How can I interpolate literal \t and \n in Perl strings? [duplicate]

This question already has answers here:
How can I manually interpolate string escapes in a Perl string?
(2 answers)
Closed 8 years ago.
Say I have an environment variable myvar:
myvar=\tapple\n
When the following command will print out this variable
perl -e 'print "$ENV{myvar}"'
I will literally have \tapple\n, however, I want those control chars to be evaluated and not escaped. How would I achieve it?
In the real world $ENV residing in substitution, but I hope the answer will cover that.
Use eval:
perl -e 'print eval qq{"$ENV{myvar}"}'
UPD: You can also use substitution with the ee switch, which is safer:
perl -e '(my $s = $ENV{myvar}) =~ s/(\\n|\\t)/"qq{$1}"/gee; print $s'
You should probably be using String::Escape.
use String::Escape qw(unbackslash);
my $var = unbackslash($ENV{'myvar'});
unbackslash unescapes any string escape sequences it finds, turning them into the characters they represent. If you want to explicitly only translate \n and \t, you'll probably have to do it yourself with a substitution as in this answer.

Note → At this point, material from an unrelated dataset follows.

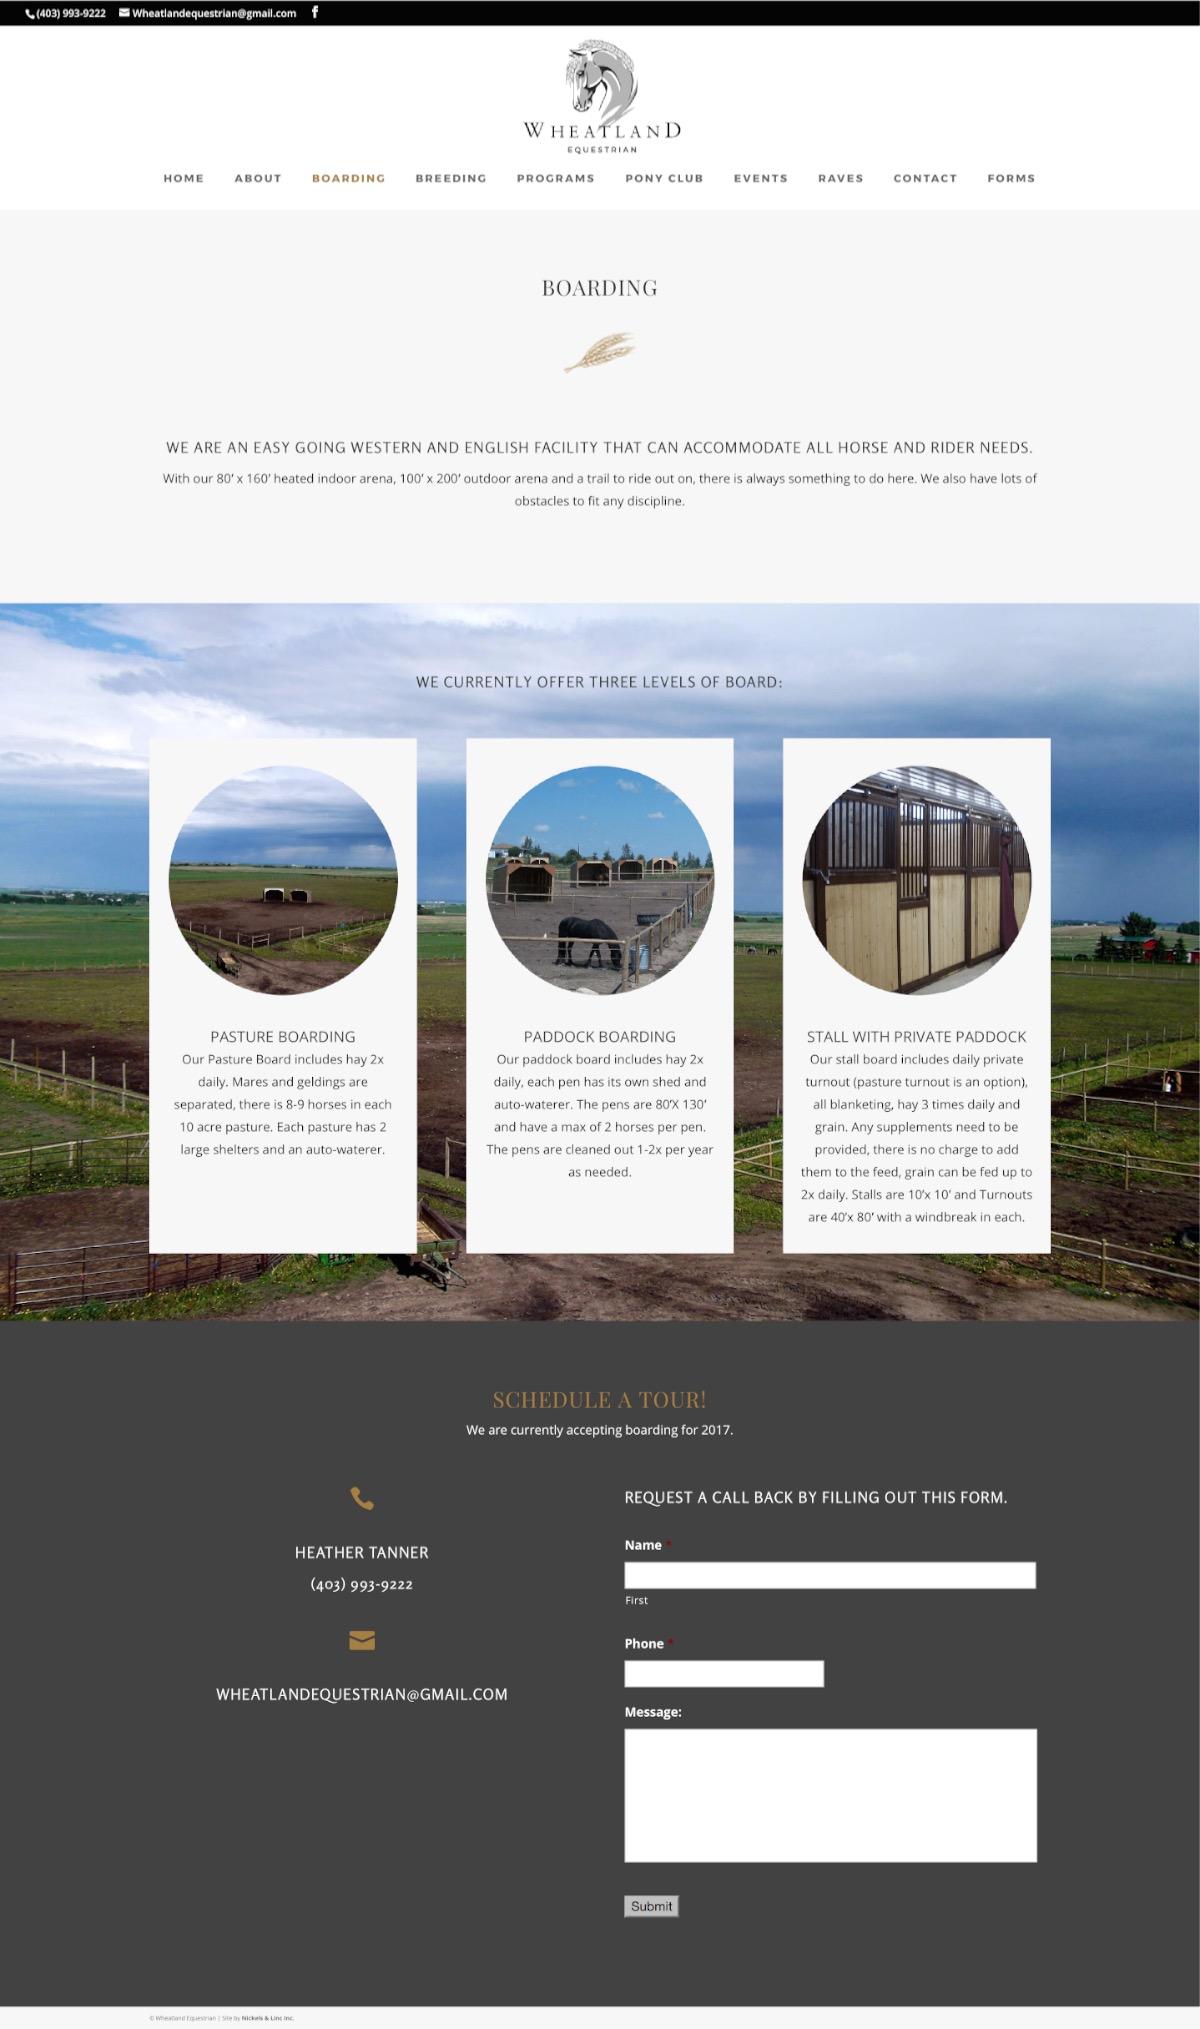 okotoks-horse-boarding-website-breeding-1.jpg

There's nothing particularly special about a sequence of characters that includes a \. If you want to substitute one sequence of characters for another, it's very simple to do in Perl:
my %sequences = (
'\\t' => "\t",
'\\n' => "\n",
'foo' => 'bar',
);
my $string = '\\tstring fool string\\tfoo\\n';
print "Before: [$string]\n";
$string =~ s/\Q$_/$sequences{$_}/g for ( keys %sequences );
print "After: [$string]\n";
The only trick with \ is to keep track of the times when Perl thinks it's an escape character.
Before: [\tstring fool string\tfoo\n]
After: [ string barl string bar
]
However, as darch notes, you might just be able to use String::Escape.
Note that you have to be extremely careful when you're taking values from environment variables. I'd be reluctant to use String::Escape since it might process quite a bit more than you are willing to translate. The safe way is to only expand the particular values you explicitly want to allow. See my "Secure Programming Techniques" chapter in Mastering Perl where I talk about this, along with the taint checking you might want to use in this case.